So Lets program the LCD. We can take the sample hello world program found under File -> Examples -> LiquidCrystal  menu of Arduino IDE and change the pin numbers in the following statement
From
LiquidCrystal lcd(12, 11, 5, 4, 3, 2);
To
LiquidCrystal lcd(2,4,8,9,10,11);

####IMPORTANT - IN CASE NOTHING IS DISPLAYED ON THE LCD KEEP VARYING THE TRIMPOT TILL YOU CAN SEE THE CHARACTERS###

Try the following Simple LCD program [Simple_LCD.ino]

/*
  LiquidCrystal Library - Hello World
 
 Demonstrates the use a 16x2 LCD display.  The LiquidCrystal
 library works with all LCD displays that are compatible with the 
 Hitachi HD44780 driver. There are many of them out there, and you
 can usually tell them by the 16-pin interface.
 
*/

// include the library code:
#include <LiquidCrystal.h>

// initialize the library with the numbers of the interface pins
LiquidCrystal lcd(2,4,8,9,10,11);

void setup() {
  // set up the LCD's number of columns and rows: 
  lcd.begin(16, 2);
  // Print a message to the LCD.
  lcd.print("hello, world!");
}

void loop() {
  // set the cursor to column 0, line 1
  // (note: line 1 is the second row, since counting begins with 0):
  lcd.setCursor(0, 1);
  // print the number of seconds since reset:
  lcd.print(millis()/1000);
}

DS1307 - Real Time Clock IC

The DS1307 lets you explore I2C communication on the arduino.

I2C Communication

I2C is short form for 'Inter Integrated Circuit' I2C Communication is Communication Bus standard developed by Phillips for standardising Communication between Integrated Circuits.
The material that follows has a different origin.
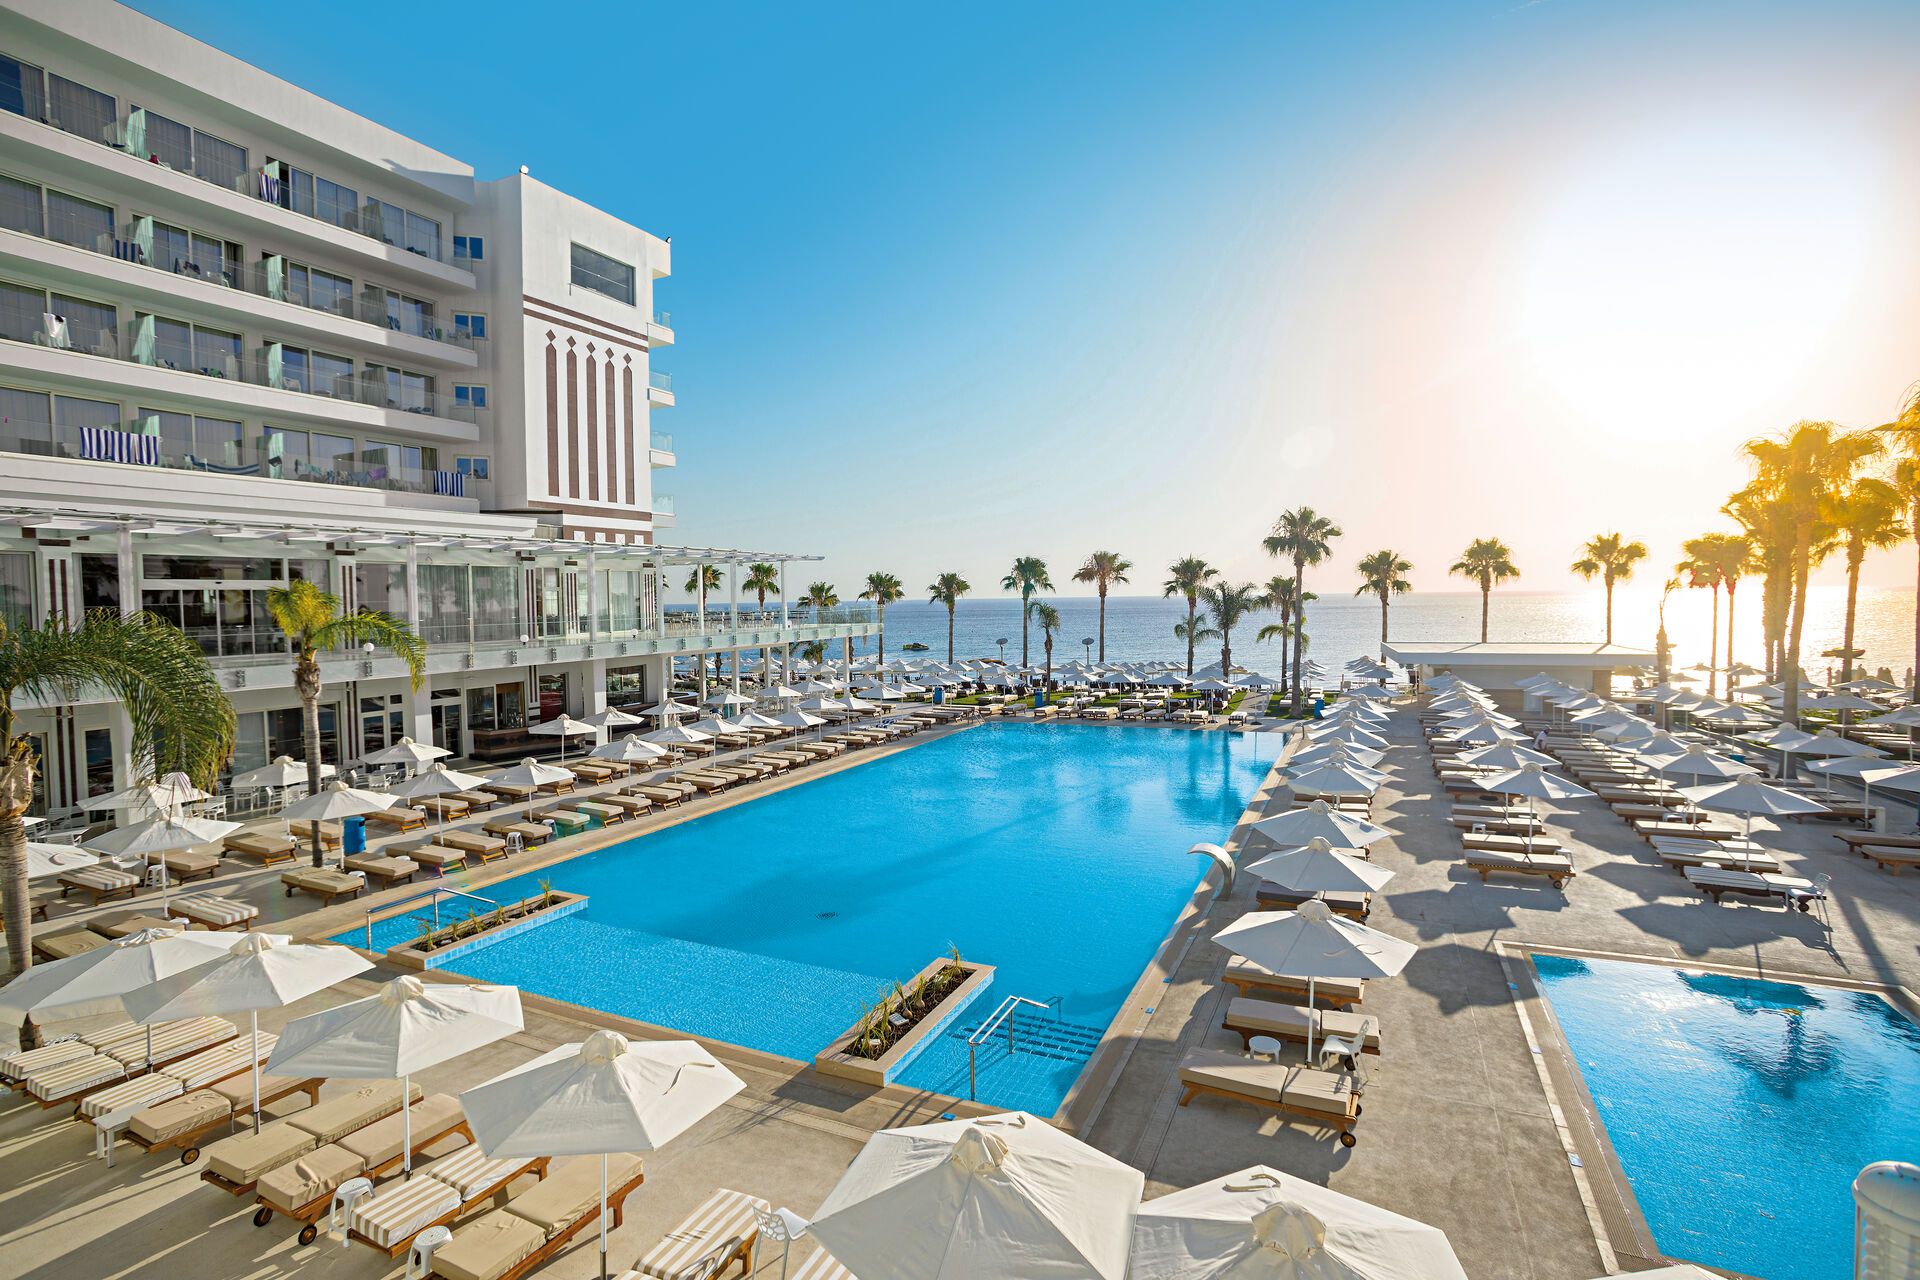 Constantinos The Great Beach Hotel - 4*

For Eg. In a circuit, there could be a number of ICs each offering specific functionality[RTC, Temperature Sensor, EEPROM, etc] and they can all communicate on a single I2C Bus and provide combined functionalities. Each device on the I2C Bus would have a unique address by which it can be addressed.

Here's an Interesting Introduction from NXP

I2C on Arduino

The I2C Bus uses 2 lines for Communication - SDA(Serial Data) & SCL (Serial Clock). On the InduinoX / Arduino, these are available on  SDA (Analog Input 4) & SCL (Analog Input 5). The I2C bus can be accessed using the 'Wire' Library of Arduino. First, lets try out a Library

Wiring up the DS1307

DS1307 Pin Mappings. SDA [Serial Data] / SCL [Serial Clock] correspond to lines for I2C Communication. We can ignore Vbat & SQW / OUT Pins.

Components - DS1307, Crystal for DS1307, 2 x 10K Resistors

Place the DS1307 IC as shown

Connect a Wire from the 4th pin of DS1307 (GND) to the '-'ve terminal

Connect a Wire from the 8th pin of DS1307 (+5V) to the '+'ve terminal

Place the Cyrstal as shown between the 1st and 2nd pin of the DS1307 IC- There is no polarity ('+' / '-' ve) for the crystal. So you can place it anyway

Place one resistor between the SDA Pin and the '+'ve terminal and one resistor between the SCL Pin and the '-'ve terminal

Connect a Wire between the SDA pin (pin5 of DS1307) and the SDA pin of the Arduino (Analog IN 4)

Connect a Wire between the SCL pin (pin6 of DS1307) and the SCL pin of the Arduino (Analog IN 5)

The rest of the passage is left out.